Polio, a disease which also existed in ancient times, is incurable.  Even today, despite all our technological and medical advances, the illness cannot be cured.

It can, however, be prevented.

This clip, from "Unconditional Surrender" - a film about polio and its first preventive vaccine by Dr. Jonas Edward Salk and his colleagues - takes us behind the scenes in the 1950s when polio was quickly and consistently spreading among children throughout America. 

In 1952, for example, an outbreak of polio caused many people to be placed in iron lungs. This image, online via the National Museum of American History (courtesy Rancho Los Amigos Medical Center in Downey, California) depicts multiple iron-lung patients being cared-for by nurses that year.
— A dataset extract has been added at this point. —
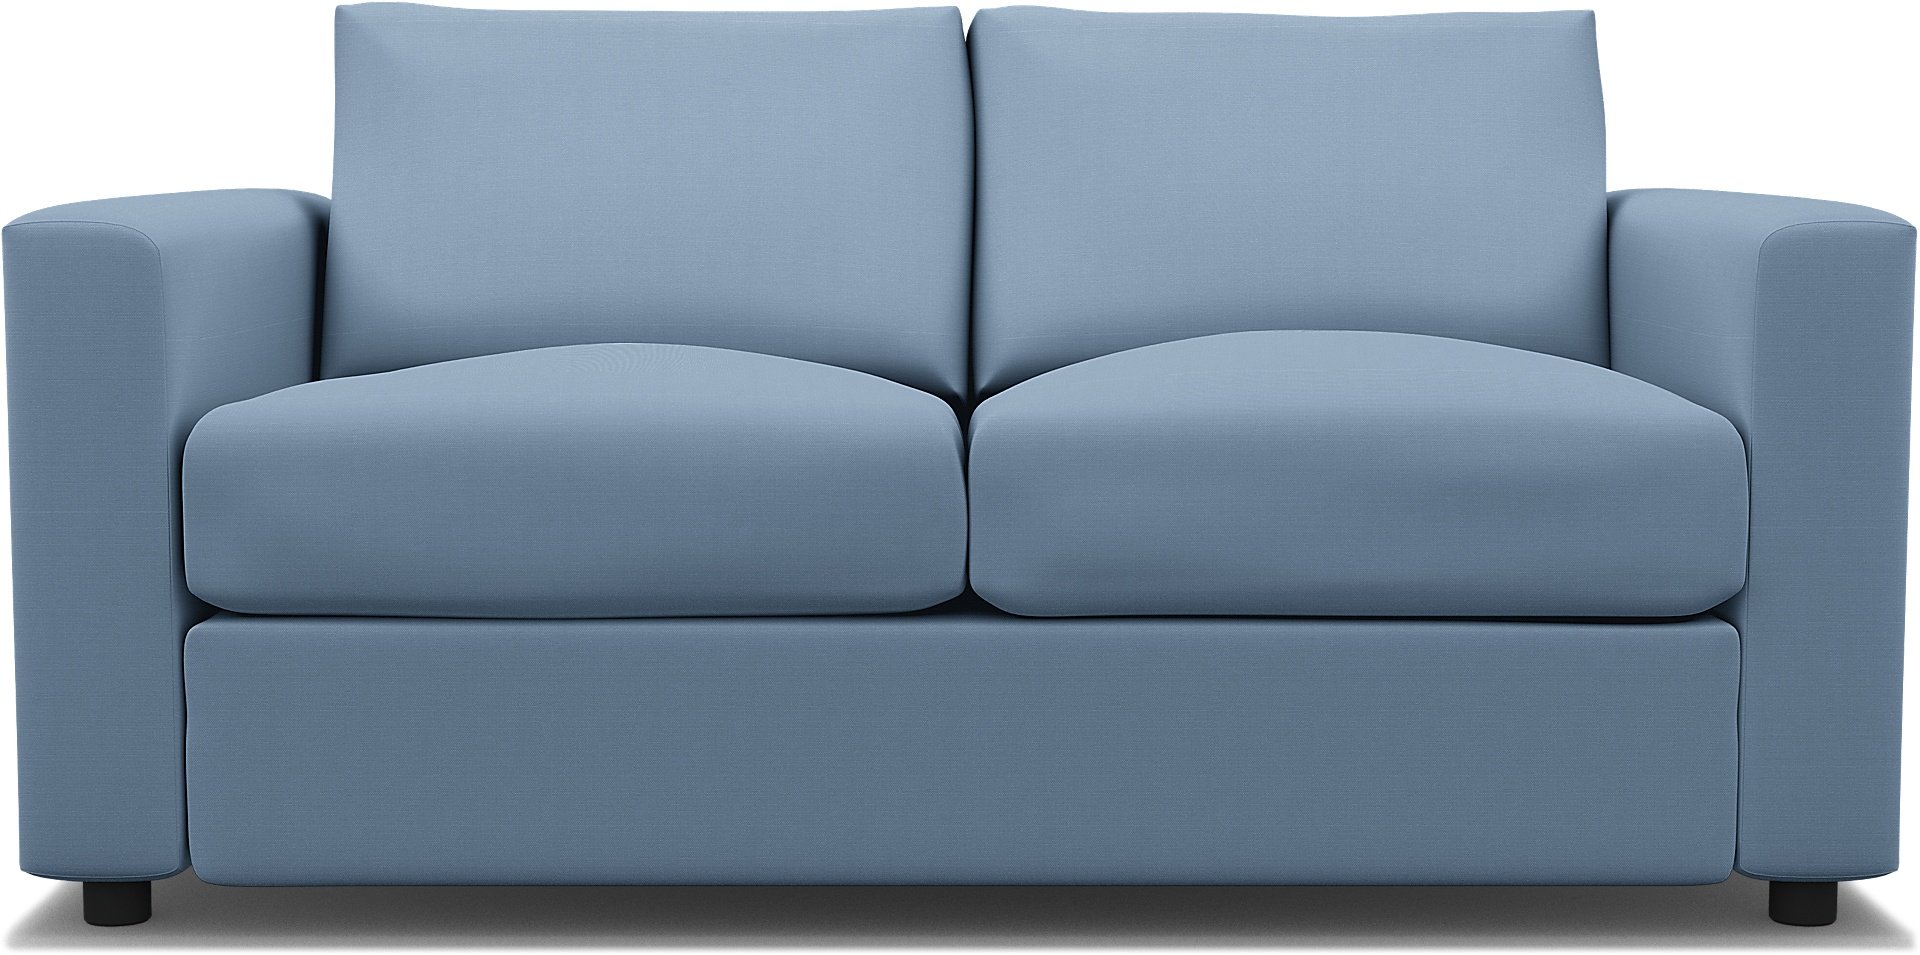 IKEA - Vimle 2 Seater Sofa Bed Cover, Dusty Blue, Cotton - Bemz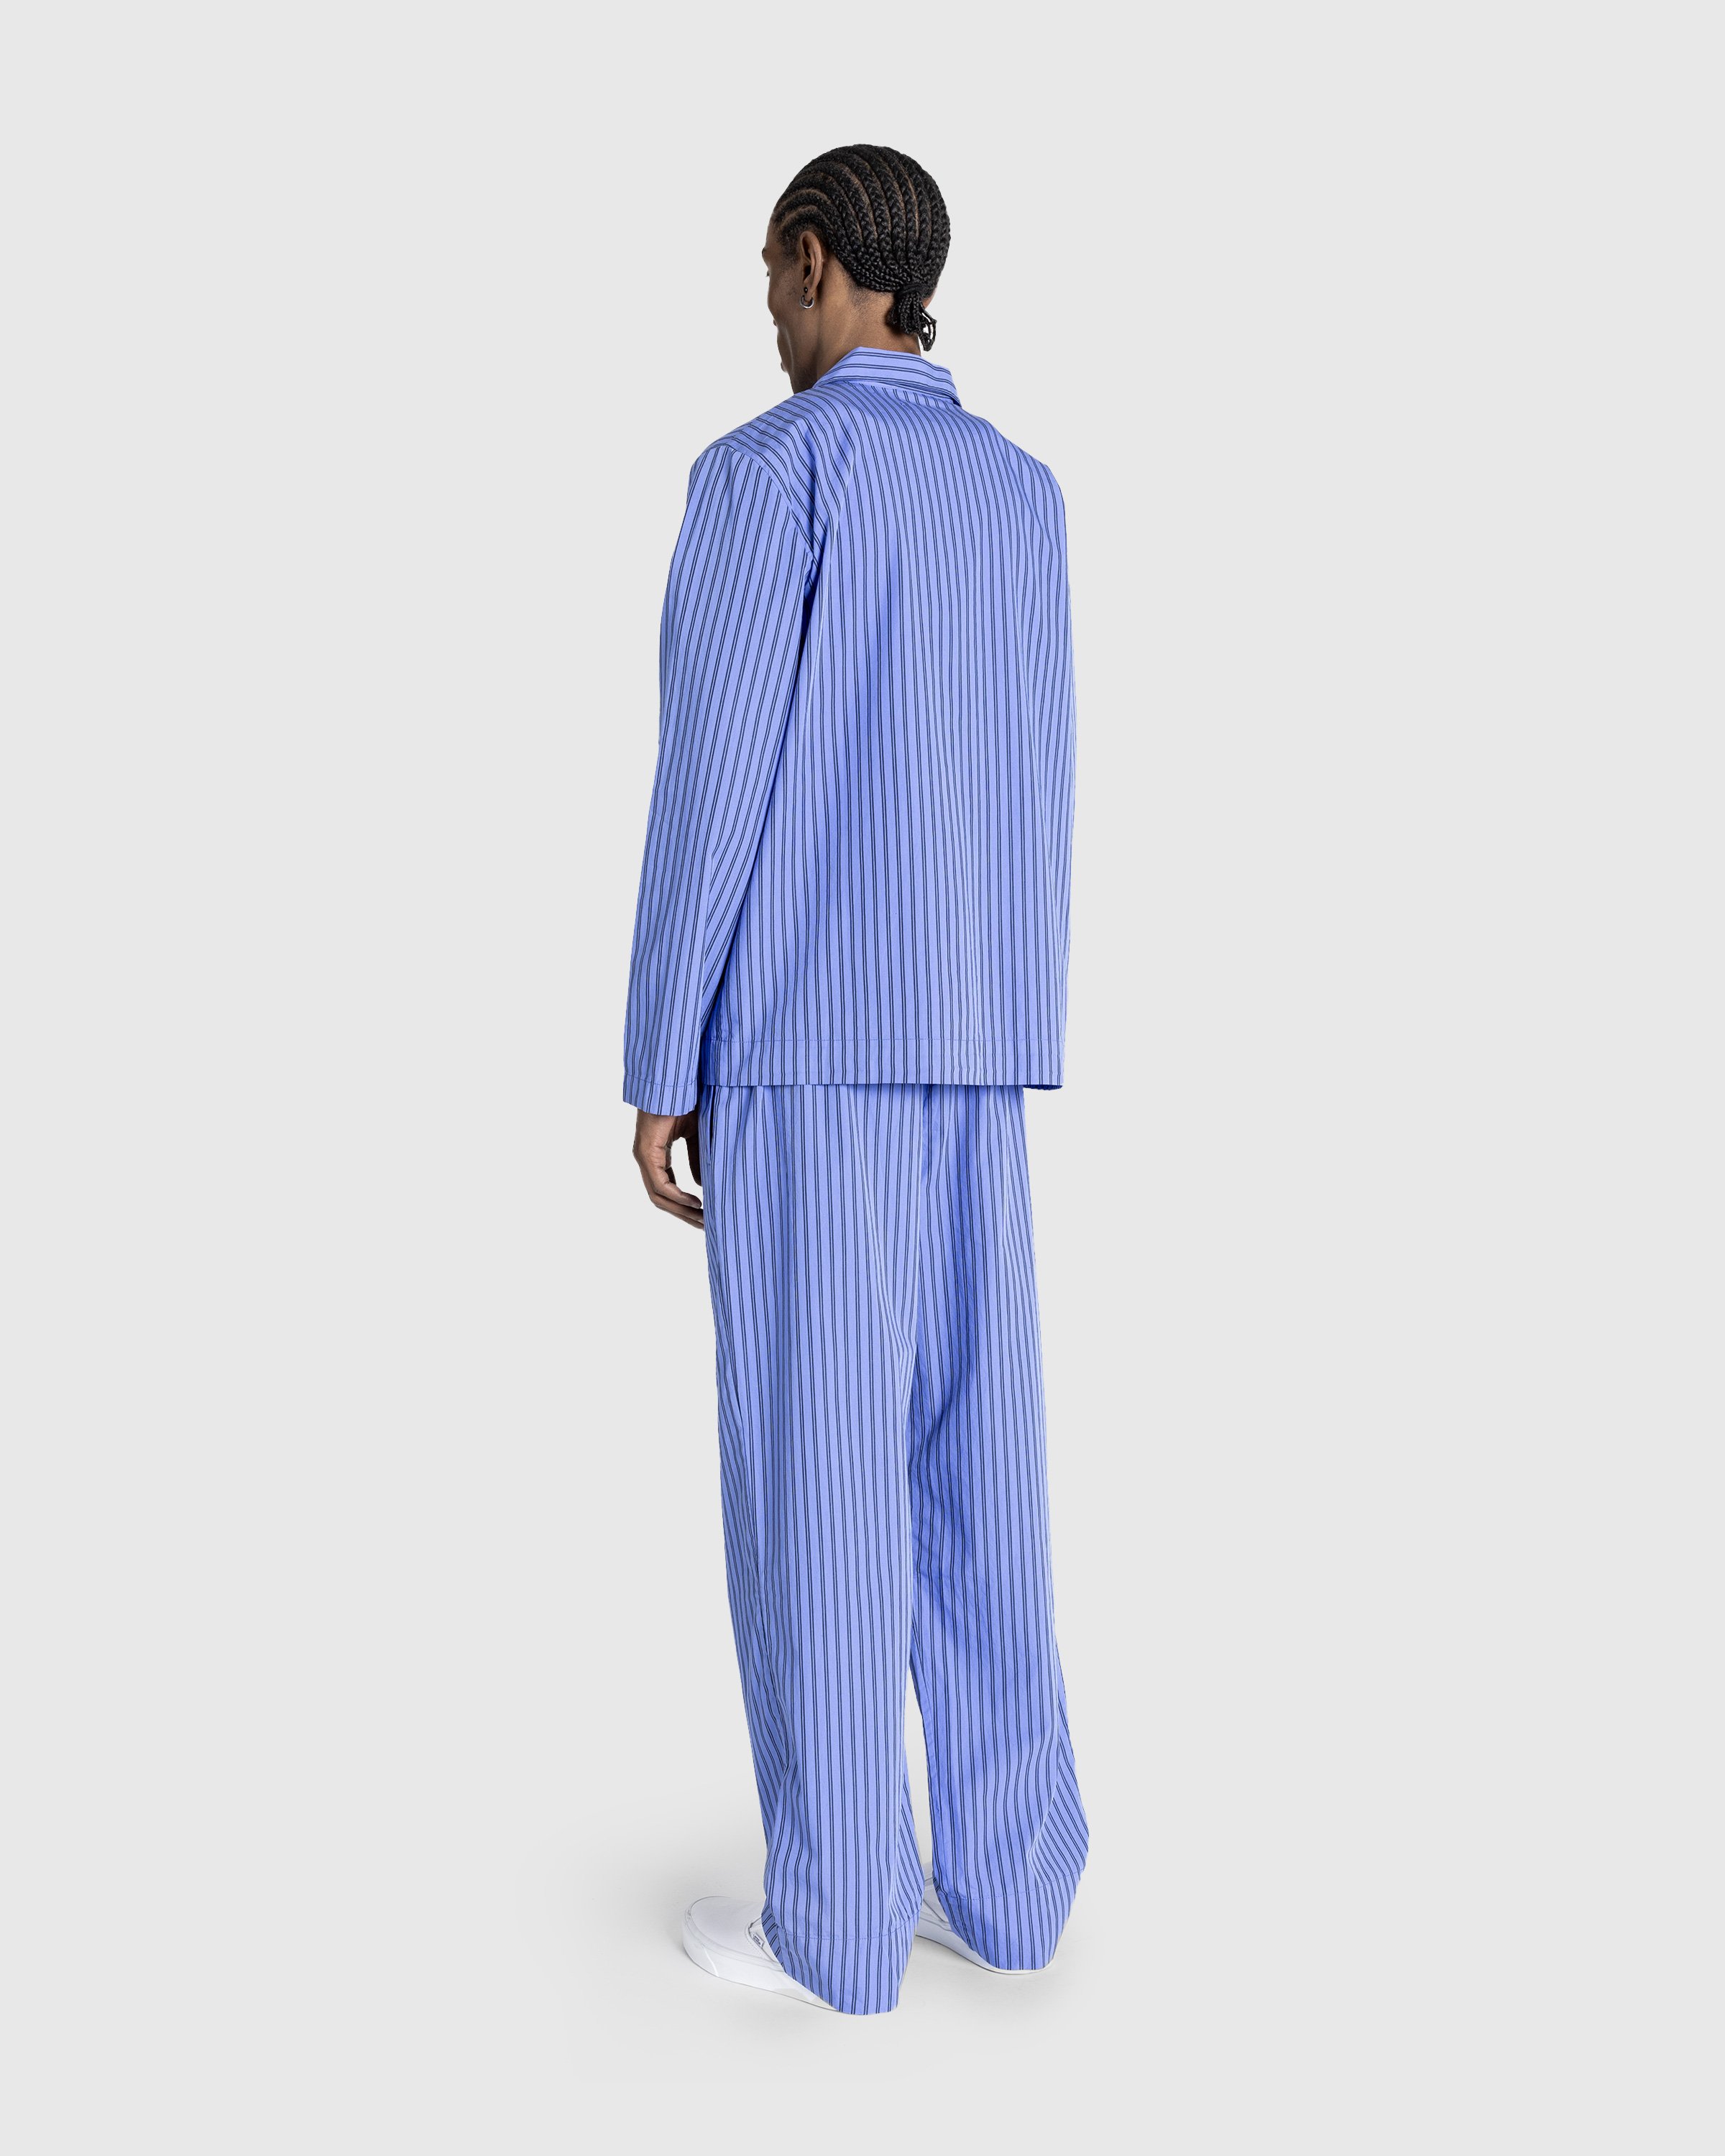 Tekla - Cotton Poplin - Pyjamas Pants Boro Stripes - Clothing - Blue - Image 4

Some individuals with polio had to live in iron lungs for decades (for the rest of their lives). That's because the polio virus significantly harmed their respiratory muscles, rendering them unable to breathe on their own.

On the 11th of July, in 1953, the Chicago Tribune – among other news organizations – reported the success of the first mass inoculation program in Montgomery, Alabama:

Montgomery, Ala., July 10 (AP) – Medical authorities today pronounced the first mass gamma globulin inoculation a success in reducing polio.

The serum was injected last week in more than 31,000 Montgomery children in efforts to halt a near epidemic. Two cases were reported here yesterday and another today, bringing the county’s total to 91.

Dr. D.G. Gill, state health officer, and Dr. A.H. Gragam, Montgomery county health officer, said in a statement:

“The mass immunization program of children 9 years old and under in Montgomery county – the first test in the United States – has proven to be effective in reducing the number and severity of polio cases.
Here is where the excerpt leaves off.